● PROBLEM DETAILS
From the first line to the last, repeat the data exactly and drop the pictures.

SUPPLIED INFORMATION below:

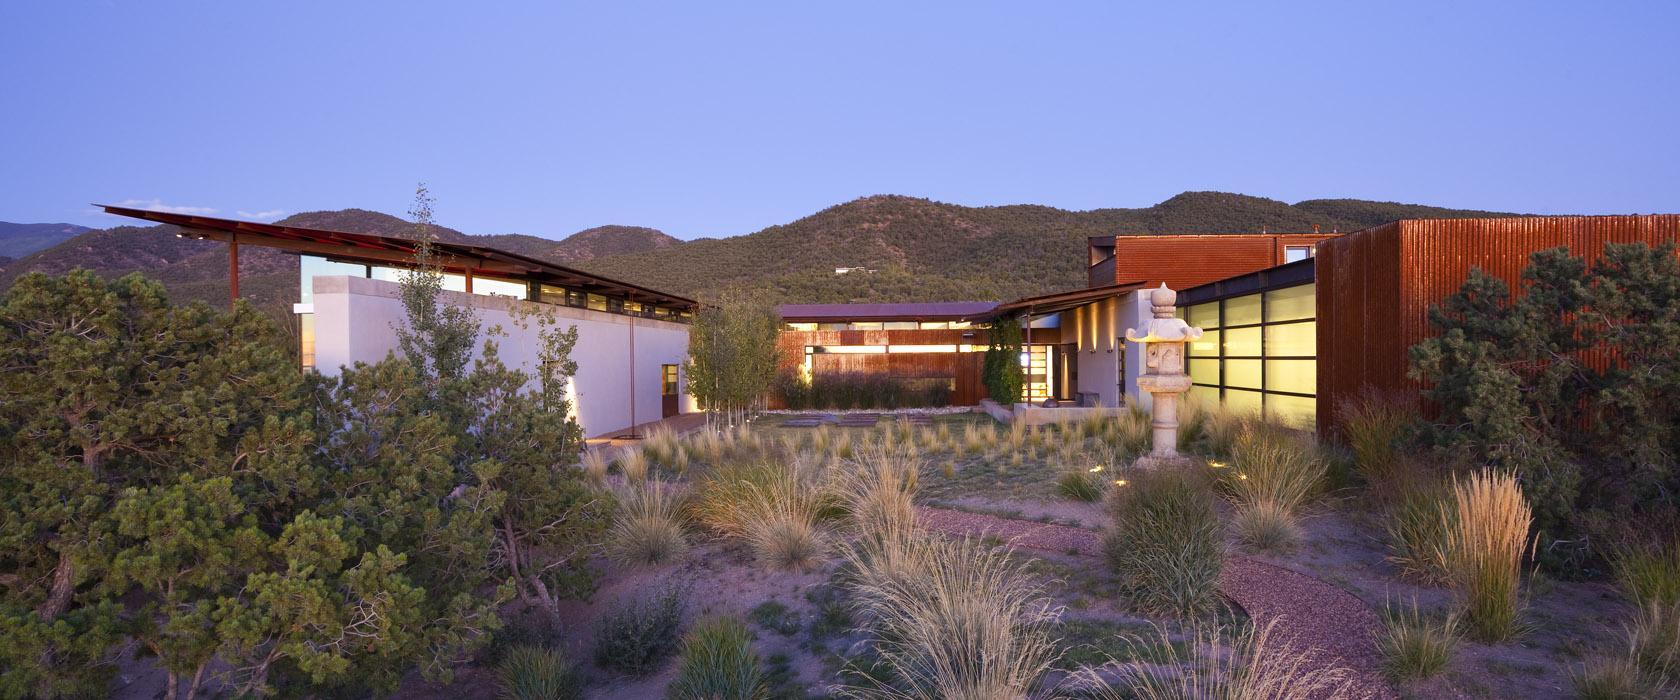 Architecture, Desert House in Santa Fe, New Mexico
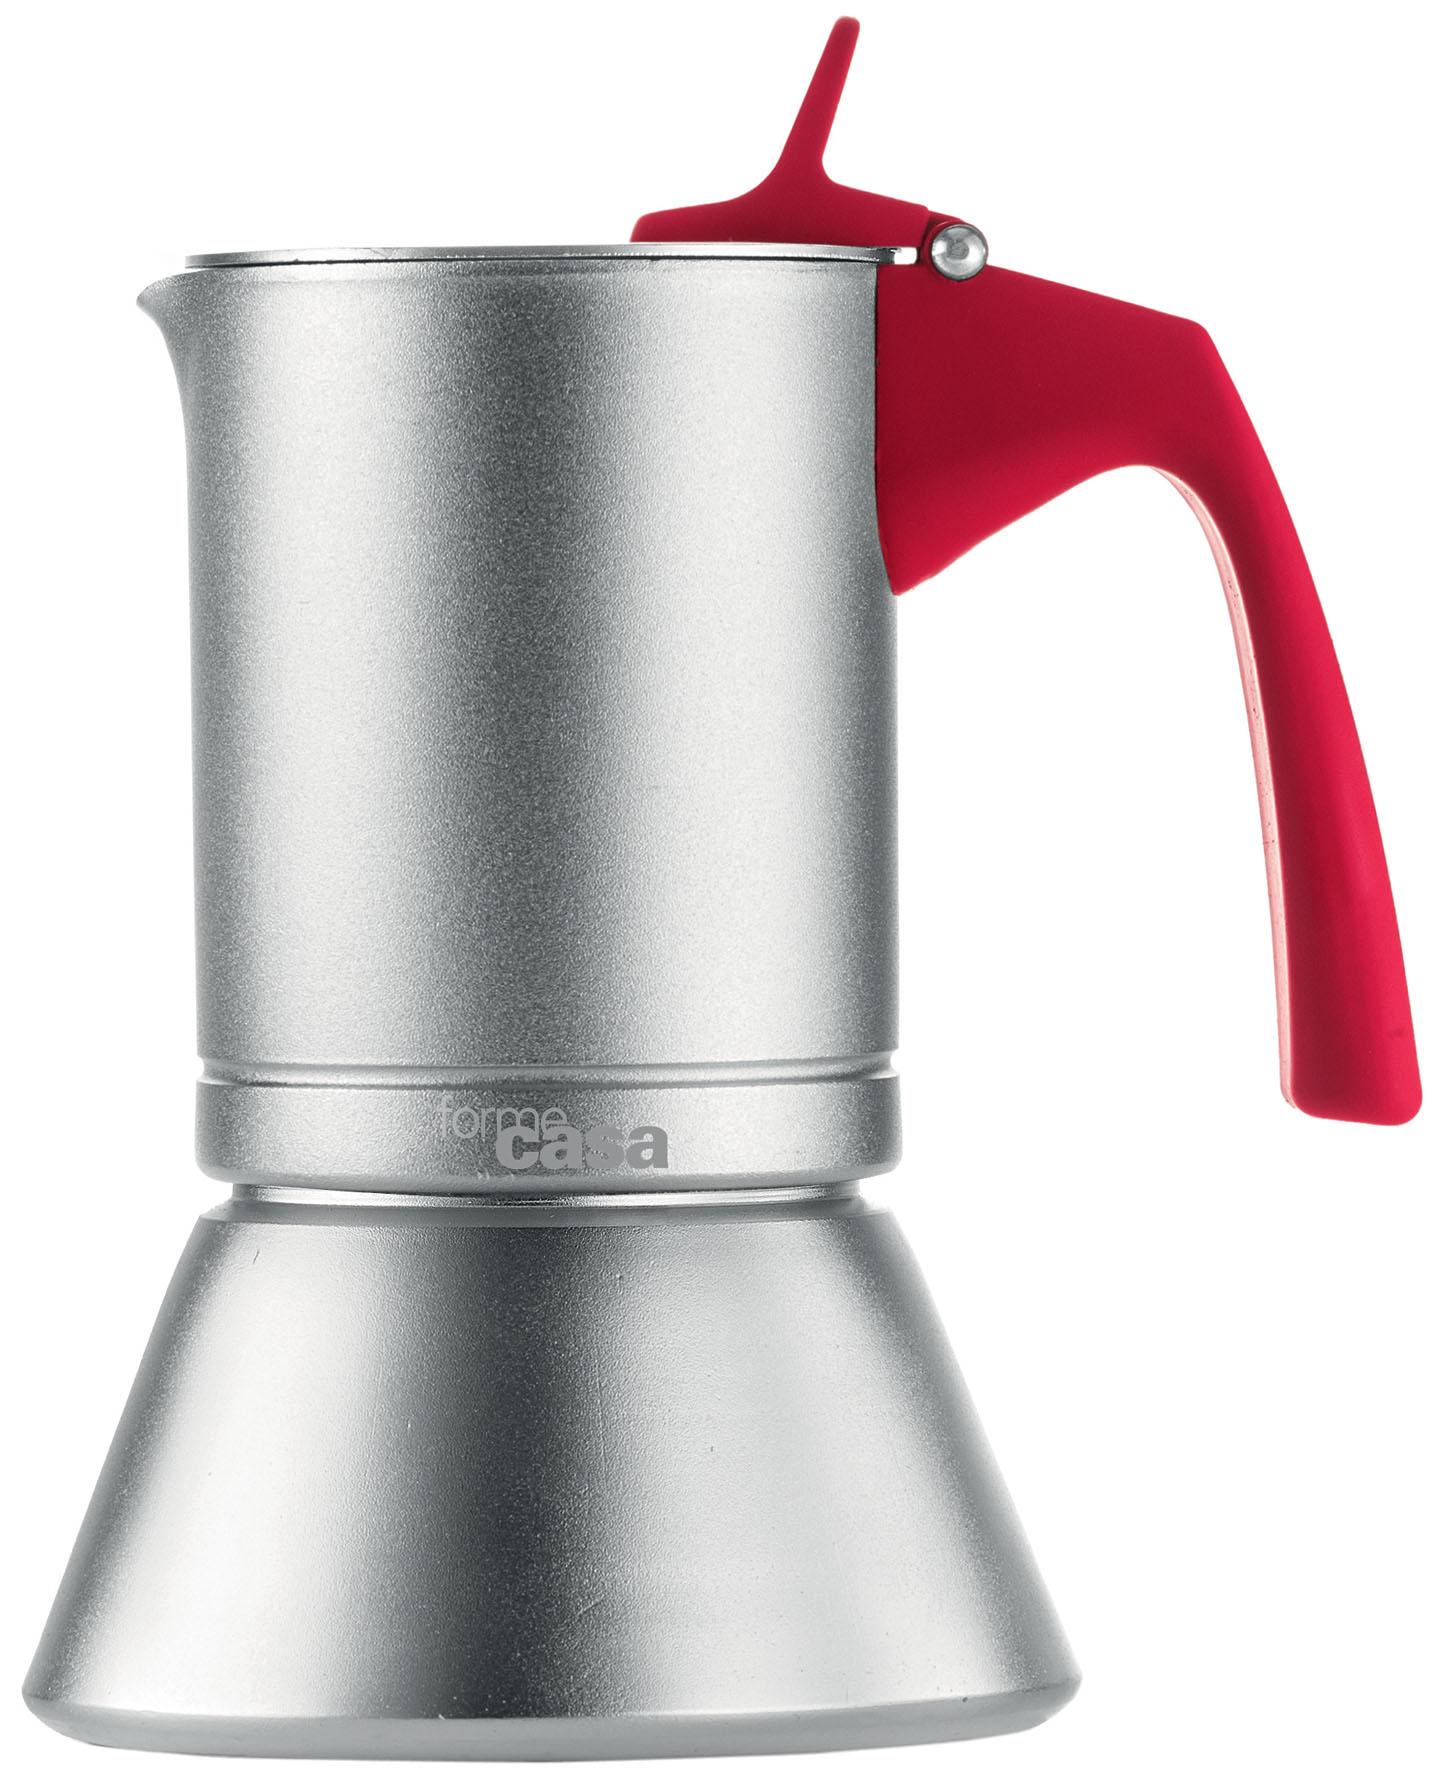 CAFFETT TZ 3 INDUZ AROMA M RSO
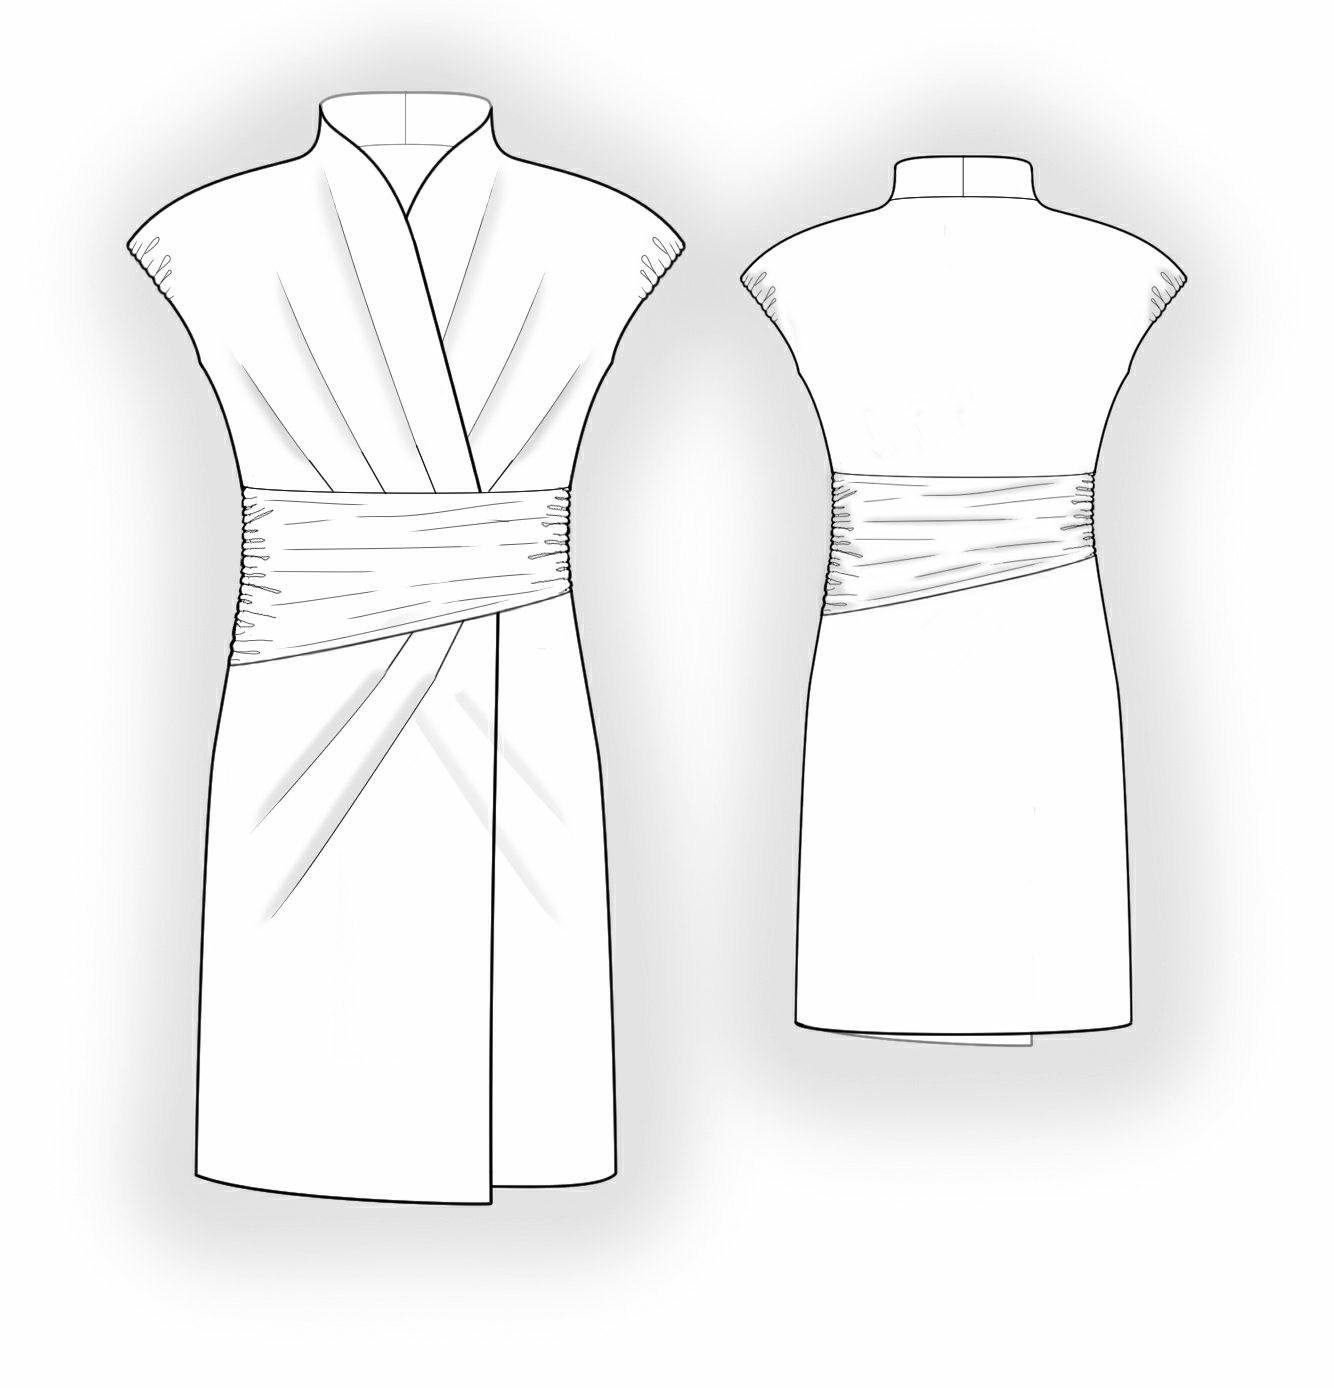 Knit Fabric Dress Pattern : Dress From Knit Fabric - Sewing Pattern #5854. Made-to-measure sewing pattern...
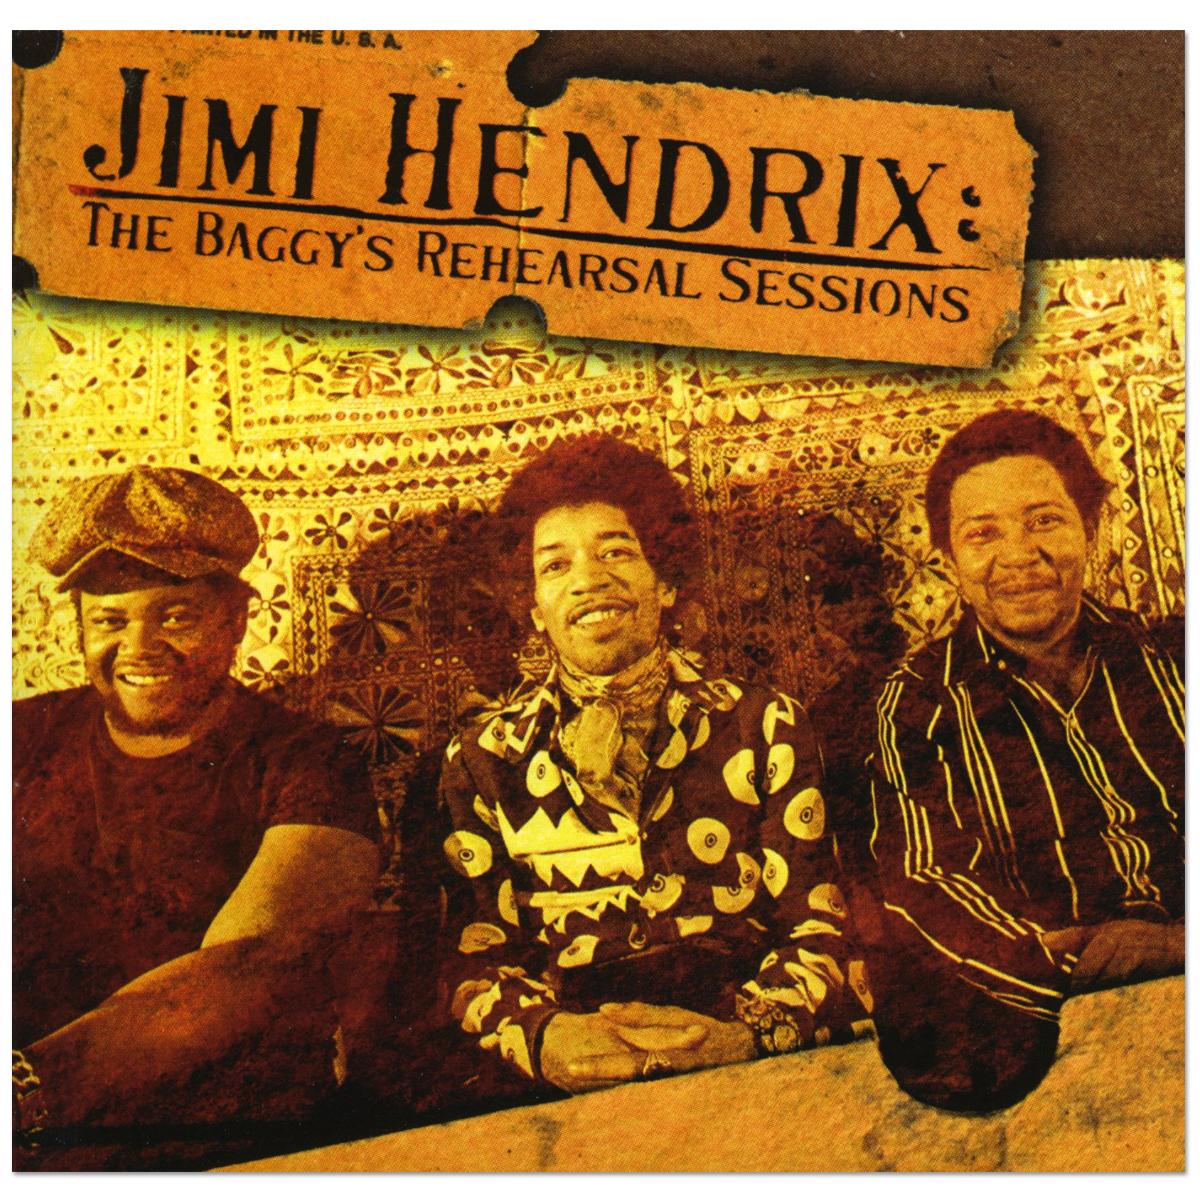 Jimi Hendrix: The Baggys Rehearsal Sessions DAGGER RECORDS CD

End of SUPPLIED INFORMATION.

● ANSWER FOR THE TASK
 Architecture, Desert House in Santa Fe, New Mexico
 CAFFETT TZ 3 INDUZ AROMA M RSO
 Knit Fabric Dress Pattern : Dress From Knit Fabric - Sewing Pattern #5854. Made-to-measure sewing pattern...
 Jimi Hendrix: The Baggys Rehearsal Sessions DAGGER RECORDS CD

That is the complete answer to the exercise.